Darth Vader’s eyes, all molten, red hot gold and embers, bounce between us.

Plo Koon softens. Darth Vader draws his force signature in closer, walls that seem like durastell are all cold impenetrable and harsh lines and sharp corners.

Injuried or not he is powerful and dangerous.

Still glancing between both of us, he tries and fails to use his hands, prosthetic glitching and heavy, bumping into his face as his fingers weakly curl around the oxygen mask’s tubes, brushing his skin with his fingertips, before his arm slides onto the bed in a pose that looks uncomfortable and involuntary.

Plo Koon reaches out, and he flinches, then goes still and glossy eyed as Plo Koon gently rearranged his arm so it’s tucked under the blanket.

“He-” I hiss. Plo Koon stamps on my food. Moving to hide me from Darth vader’s view

“Wh-” he wheezes, distrust and wariness and caution and wrong-wrong-danger-getout so thick in the air around him I want to crawl out of my skin.

“You are safe.” Plo Koon says, dropping his shields enough to see the truth of the words, I panic and try to shove them back up but get pushed away. “My name is Plo Koon, and you are safe with me.

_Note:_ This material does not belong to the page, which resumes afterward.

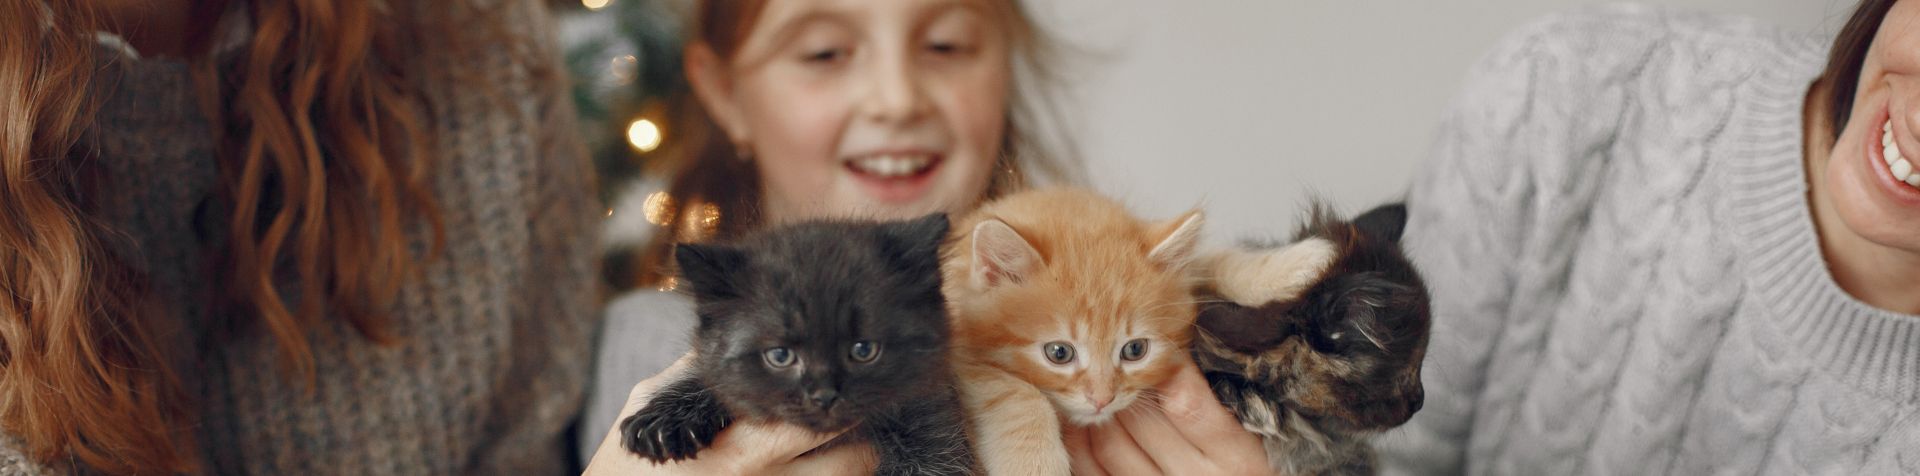 trois chatons dans les bras d'une petite fille

You will not be harmed, we can heal you, help you.”

The steel walls crack and shatter, revealing a storm of emotions, the dark side itself so tangled up in Darth Vader’s mind I flinch.

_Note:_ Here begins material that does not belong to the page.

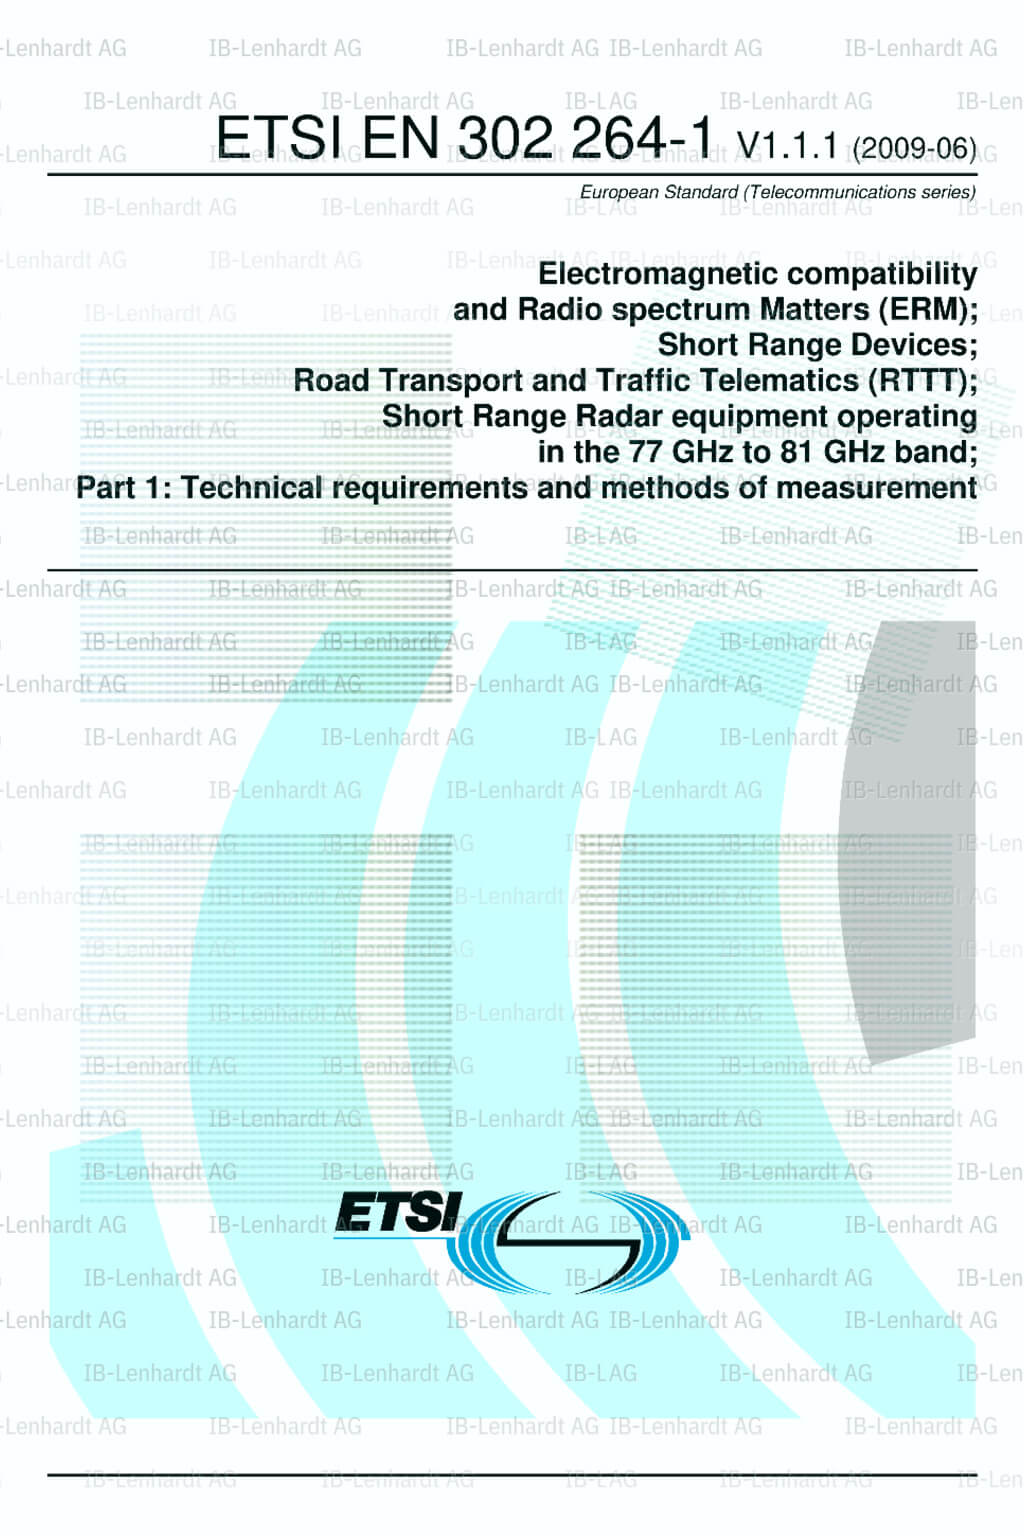 ETSI EN 302 264-1 V1.1.1

“You can rest.” Plo Koon offers

The clouds part, just for a second, just enough to let me get a wave of a second hand feeling so sad my breath catches in my chest, blue and bleeding.

It’s covered up, an phantom hole aching in my chest, I am full of lingering grief for something or somebody I do not know, clinging onto me like mud.

“You are safe.”

Self hatred and guilt, the weight of responsibility, terror and a weariness so heavy I collapse backwards into my seat soften, into grief and pain, fear that’s eclipsed by a tiredness that slowly consumed all of Vader’s signature.

My heart sinks.

Grimacing like he’s about to burst into sobs, his expression relaxes, and his walls draw up again, more of a habit that anything purposeful.

“It… it’s an act.” I whisper, Plo Koon shakes his head, back still turned to me

“No.” and I know he’s right.

And we both know, gifted the knowledge in the humming of the ship’s systems and the medbay’s different lights and the liminal time of hyperspace, that it is far too late for the Jedi to make it up to Vader.

But we can give him a good night’s rest.